開源跨平臺數據格式化框架概覽 - gaochundong－IT工程師數位筆記本

文章出處

說到數據格式化框架，就不得不提到 Google 的 Protocol Buffers，Facebook 的 Thrift，還有 Apache Hadoop 推出的 Avro。Microsoft 最近開源的 Bond 也是一種用于數據格式化的可擴展框架，其適用的應用場景包括服務間通信、大數據存儲和處理等。

為什么會有這么多關于數據格式處理的框架？它們都在解決什么問題呢？我們先來觀察一下典型的服務間通信的結構。
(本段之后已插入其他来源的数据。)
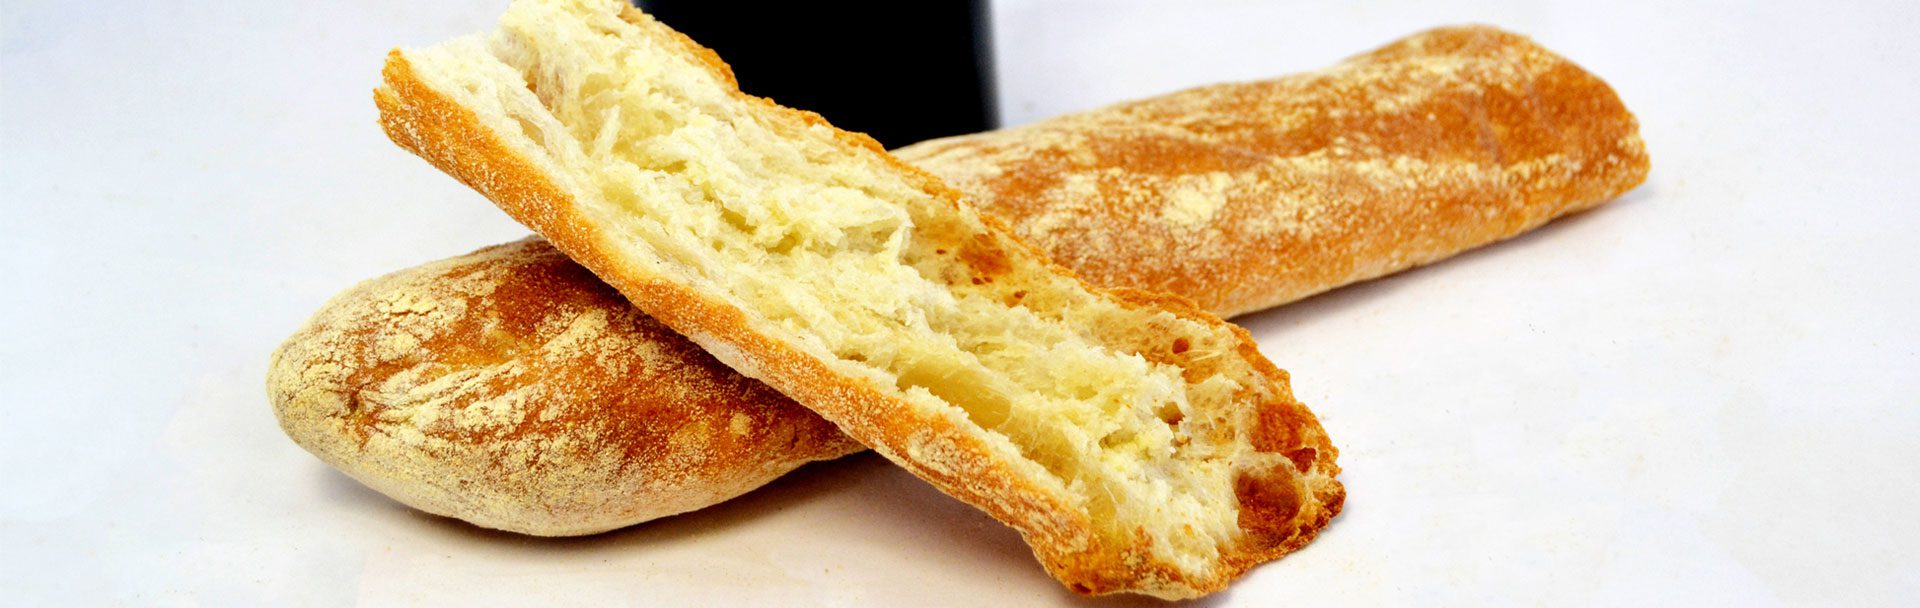 Pa de vidre or glass bread with flour

通常，在設計服務間通信時，我們所要面對的基本問題有：

如何傳輸數據？
使用什么協議通信？
數據以何種格式表達？
在服務端如何處理數據請求？
數據在服務端如何存儲？
請求消息如何路由或轉發？

隨著服務系統架構的不斷演進，我們會面對更多的問題：

適應架構演進的能力
適應集群擴展的能力
靈活性
延時
簡單

那么，以前我們都是在用什么技術來解決這些問題的呢？

C 語言的動態結構體二進制傳輸
DCOM, COM+
CORBA
SOAP
XML, JSON

都是聽起來很熟悉的名字。實際上，C 結構體仍然被廣泛地應用于網絡底層通信，DCOM, CORBA, SOAP 正逐步退出歷史舞臺。目前，最流行的就是基于 XML 或 JSON 的序列化機制。

但使用 XML 和 JSON 時也會面對一些問題：

通信協議需要額外描述
需要維護服務端和客戶端兩側契約代碼
需要為設計的協議編寫包裝類
需要為不同編程語言編寫實現
承擔解析 XML 和 JSON 較高的開銷
存儲空間占用相對較多

那么，對于這些數據處理和序列化框架，從軟件設計人員的角度來看，我們最需要的到底是什么呢？

多語言間的透明性
時間和空間效率
支持快速開發
能利用已有的類庫

所以，業界著名公司的開發人員分別推出了不同的框架，以期解決這些問題。包括 Google 的 Protocol Buffers，Facebook 的 Thrift，Apache Hadoop 的 Avro，和 Microsoft 的 Bond。

	Bond	Protocol Buffers	Thrift	Avro
框架起源	Microsoft	Google	Facebook	Apache
開源年份	2014	2008	2007	2009
開源協議	MIT License	BSD License	Apache License 2.0	Apache License 2.0
代碼位置	GitHub	GitHub	Apache	Apache
官方文檔	Documents	Documents	Documents	Documents

這些框架的一些共性：

使用 IDL 定義，IDL (Interface Description Language)
性能較高
支持版本演進
采用二進制格式

這些框架的典型使用過程：

編寫類似于結構體的消息格式定義，使用類似于 IDL 的語言定義。
使用代碼生成工具，生成目標語言代碼。
雖然生成了許多代碼，但代碼的可讀性比較高。
在程序中直接使用這些代碼。
生成的代碼不允許編輯。

也就是說，用戶首先需要定義數據結構，然后生成可以有效讀寫這些數據結構的代碼，再將代碼嵌入到服務端與客戶端的代碼中使用。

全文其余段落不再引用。